New South Dakota Flood-Control Project to Protect Properties

September 8, 2010

A flood-control project in the works for more than 20 years should be completed next year, removing 1,500 properties from Sioux Falls, S.D.’s’ flood plain, a city official said.

Once the flood-control measures are in place, probably by the end of next year, the Federal Emergency Management Agency will redo its flood-plain maps. In turn, fewer properties will be in the flood plain — saving money for property owners.

“Walmart, Sam’s Club, The Empire Mall, Target are some of the businesses” that will be taken out of the flood plain, said project manager Tom Berkland.

Businesses and residents learned three years ago that FEMA was “modernizing” its flood-plain map, which required updates in the levee system and resulted in an expansion that included a number of properties in western Sioux Falls.

“The reason we’re making improvements is, when they built them, there was only about 10 years of data on flooding on Skunk Creek and the Big Sioux River,” Berkland sad. “As statistics go, that isn’t much. They did not make an accurate projection out to a 100-year event.”

The U.S. Army Corps of Engineers determined that the city’s flood-control system was inadequate to protect the city during a 100-year flood, which is estimated to have a 1 percent chance of occurring in a given year. After a number of area floods, controls were re-examined by the corps beginning in the 1980s, Berkland said.

When it was found that the levees did not provide protection to the newly calculated 1 percent chance of major floods each year, the levees could not be certified. The corps determined they needed to be raised another five feet.

Property owners who moved into the newly identified flood plain with federally regulated mortgages were required to buy flood insurance, costing hundreds of dollars a year — at least.

The corps, which constructed the levees in the late 1950s, notified the city in the 1980s that it would need to strengthen and raise its levees. But insufficient money restrained the work. Congress authorized the project in 1996 but initially put only $2 million a year into it. That made quick progress difficult, Berkland said.

“We were getting little pieces done at a time, but it’s not very efficient, not getting very far very fast,” he said. “That’s when the city passed the bond issue to pay for the 41st Street bridge and all of the work on the levee system to get it done, with the idea we’ll get it done as quickly as possible.”

Levee improvements will cost a total of $55 million, not including rebuilding the 41st Street bridge.

Sioux Falls has 27 miles of levees and three major structures, including a spillway and a dam. Another dam is being built near the confluence of the Big Sioux River and Skunk Creek. It should be completed this year at a cost of $4 million.

“With that now, we’re raising all the levees in the southwest part of town by about five feet,” Berkland said. “The spillway has already been completed.”

Earlier this year, the city agreed to pay more than $1.3 million to Minnehaha County Club for land needed to raise the levee along the course. As part of that agreement, the city decided it needed less of the golf course’s property by building a concrete wall atop the existing levee.

The number of properties in the flood plain was not immediately available from FEMA. A new flood-plain map takes about a year to become completed, and flood insurance rates aren’t affected until the map becomes final, said Derek Jensen, a FEMA spokesperson.

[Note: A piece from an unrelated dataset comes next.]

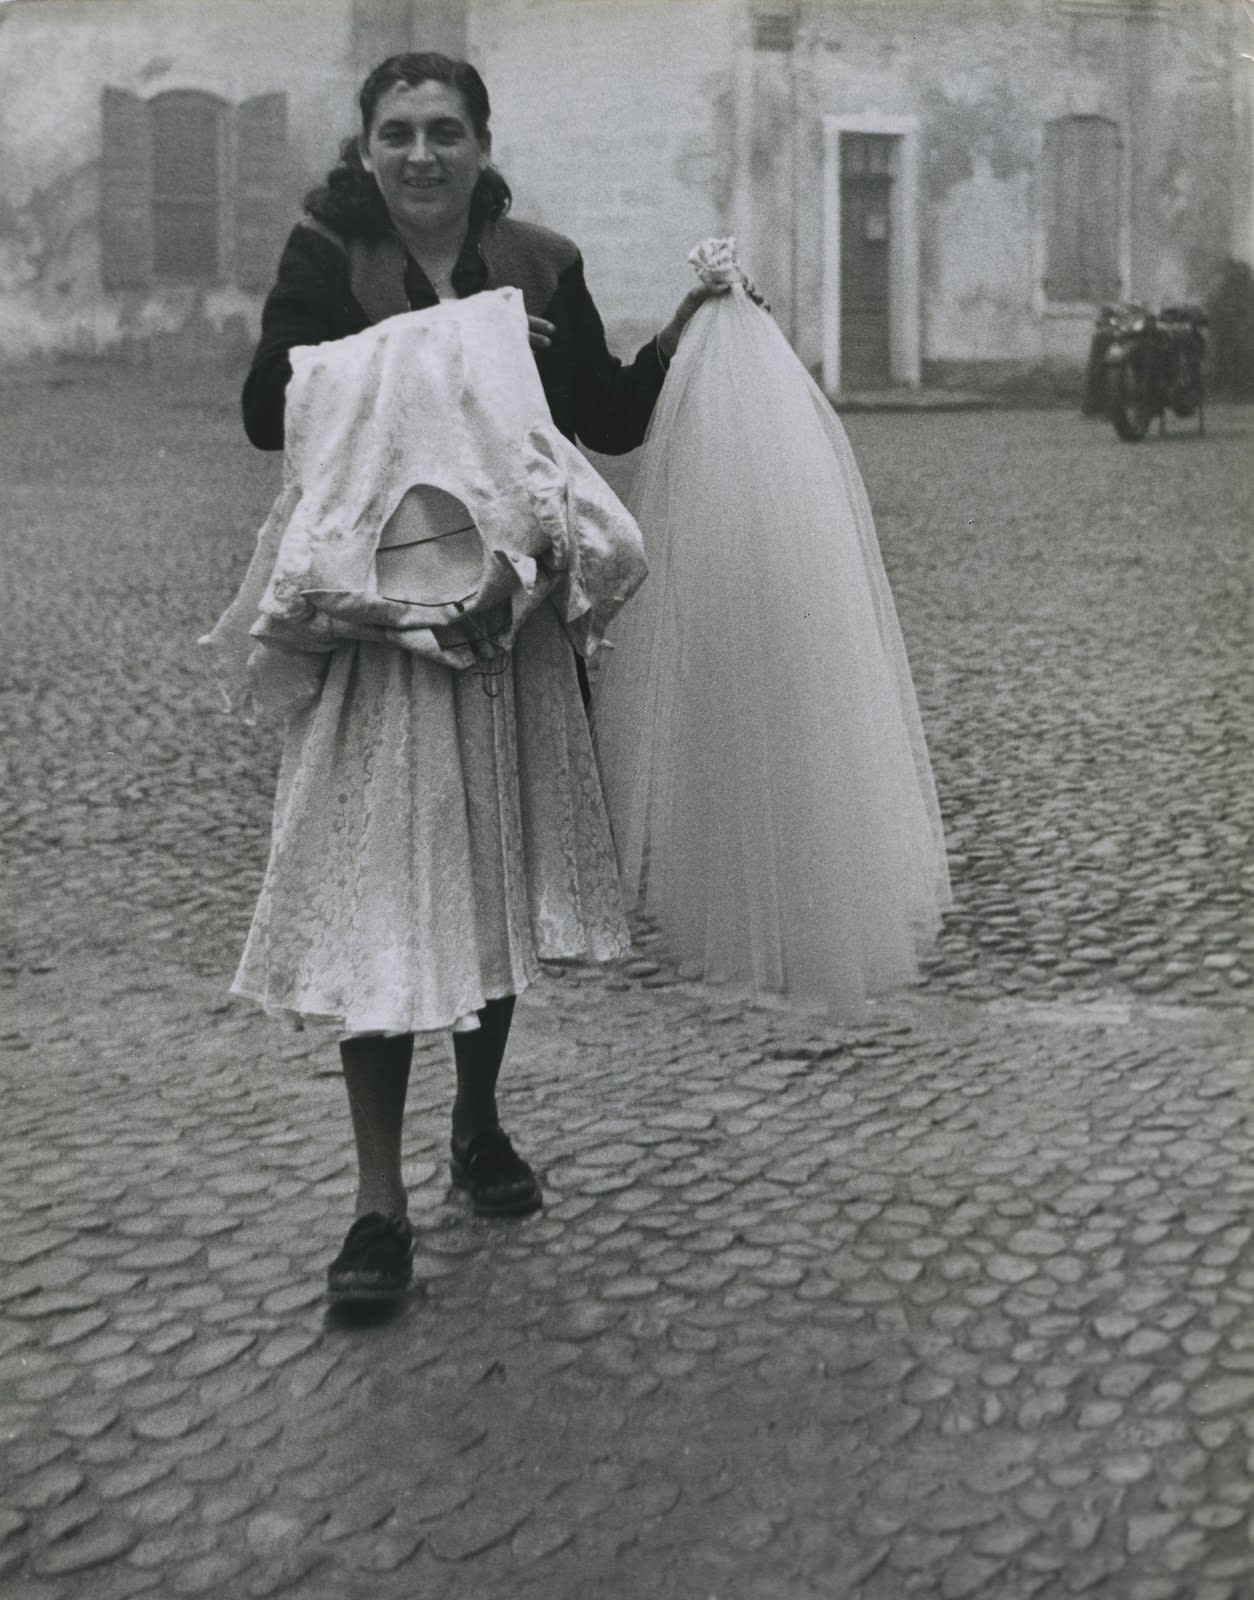 Sabine Weiss, Mariage gitan à Tarascon, 1953

During construction of the flood-control projects, some stretches of the Sioux Falls bike trails have been cut off or led to detours. The 41st Street bridge trail will open temporarily from 49th Street to Sherman Park, but will close again in October for levee construction. The trail section is closed from Falls Park to North Drive, and the downtown bike trail will be closed into next year because of another phase of the sewer replacement project, according to city information.

“The trail will be improved, but the width of the trail will remain pretty constant,” said Kelby Mieras, park operations manager for the city Parks and Recreation Department.

Avid cyclist Phil Tau said that while he does more street riding than trail riding, the bike trails should be widened with a thicker surface and a better base.

“The bike trail is the most dangerous place to ride for accidents,” Tau said, adding that he thinks the city is fighting a losing battle by repairing only small sections of the trail at a time.

While there will be continual maintenance and monitoring on flood-control projects, Berkland said the city shouldn’t have to raise the levees again, barring major changes in weather patterns.

“It could happen, but we would not anticipate that in the near future,” he said. “We will be very pleased to have this project completed. It will be a good day for the citizens of Sioux Falls and for the city when this project gets completed and we can get the high flood insurance rates off a lot of people’s expenses.”